Limitations & Future Work¶
- Geometric and texture inaccuracy: CAD retrieval inherently cannot yield exact geometric or material matches, which is a bottleneck for applications requiring precise reconstruction. Future work could incorporate shape deformation and texture transfer post-retrieval.
- Unstable scale estimation: RANSAC-based solving is sensitive to noisy correspondences, particularly under heavy occlusion, causing sAcc to fall short of GigaPose.
- Error propagation from depth estimation: The entire system depends heavily on monocular depth quality; inaccurate depth estimates compound across modules.
- Scene graph errors from GPT-4o: Large multimodal models still have limitations in reasoning about complex spatial relationships; incorrect support relations drive optimization in the wrong direction.
- Limited to indoor scenes: The planar reconstruction assumption restricts applicability to outdoor or non-planar architectural environments.
Related Work & Insights¶
| Method | Training | Arch. Recon. | Open Vocabulary | Input | Key Difference |
|---|---|---|---|---|---|
| Mask2CAD / ROCA | Fully supervised | ✗ | ✗ | RGB | Fixed categories, requires annotation |
| DiffCAD | Weakly supervised | ✗ | ✗ | RGB | Trained on synthetic data, per-category |
| ACDC | Zero-shot | ✓ | ✓ | RGB | Relies on physics engine, high LLM cost |
| SceneComplete | Zero-shot | ✗ | ✓ | RGB | Desktop manipulation scenes only |
| Diorama | Zero-shot | ✓ | ✓ | RGB | Complete system, lowest cost |
Diorama's most significant advantage over DiffCAD is generalizability — DiffCAD fails entirely on categories such as bathtub, bin, and display on ScanNet due to insufficient training coverage, whereas Diorama handles arbitrary categories. Compared to ACDC, Diorama reduces GPT-4o calls from "3 per object" to "2 per scene," cutting cost by 12×.
Relevance to My Research¶
- Scene graphs as intermediate representations: The scene graph generated by GPT-4o makes implicit spatial understanding explicit, serving as a bridge between 2D visual perception and 3D layout optimization. The paradigm of LMM → structured representation → geometric optimization is worth exploring in other 3D tasks.

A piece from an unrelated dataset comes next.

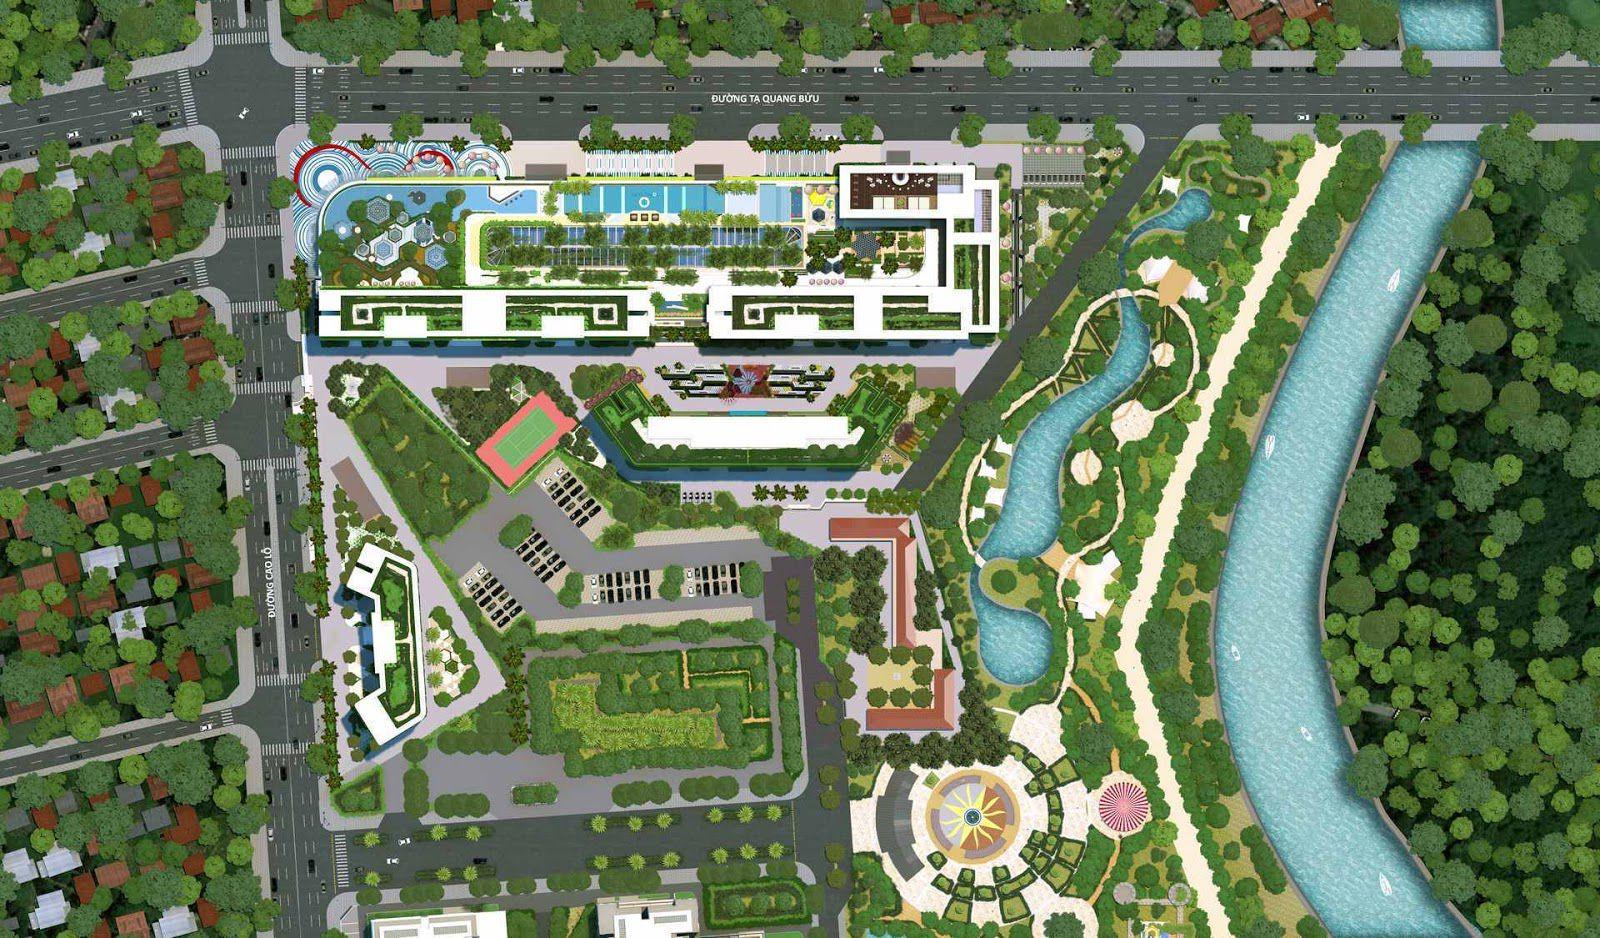 Phong cách thiết kế và loại hình căn hộ Laimian City

- Complementarity of synthetic data and foundation models: Diorama demonstrates that foundation models can achieve strong performance even without synthetic data training. A further question is whether fine-tuning bottleneck modules (e.g., scale estimation, occlusion handling) with a small amount of synthetic data could yield significant improvements.
Rating¶
- Novelty: ⭐⭐⭐⭐ — The first zero-shot open-world complete 3D scene modeling system; innovation is more at the system level than in individual technical modules.
- Experimental Thoroughness: ⭐⭐⭐⭐ — Evaluation on both synthetic and real data, detailed ablations, user study, multi-dimensional metrics, and rich supplementary material.
- Writing Quality: ⭐⭐⭐⭐⭐ — Clear structure, polished figures, rigorous problem decomposition logic; reads as a coherent engineering narrative.
- Value: ⭐⭐⭐⭐ — The modular zero-shot system design philosophy, stage-wise optimization strategy, and multimodal retrieval approach all offer transferable insights.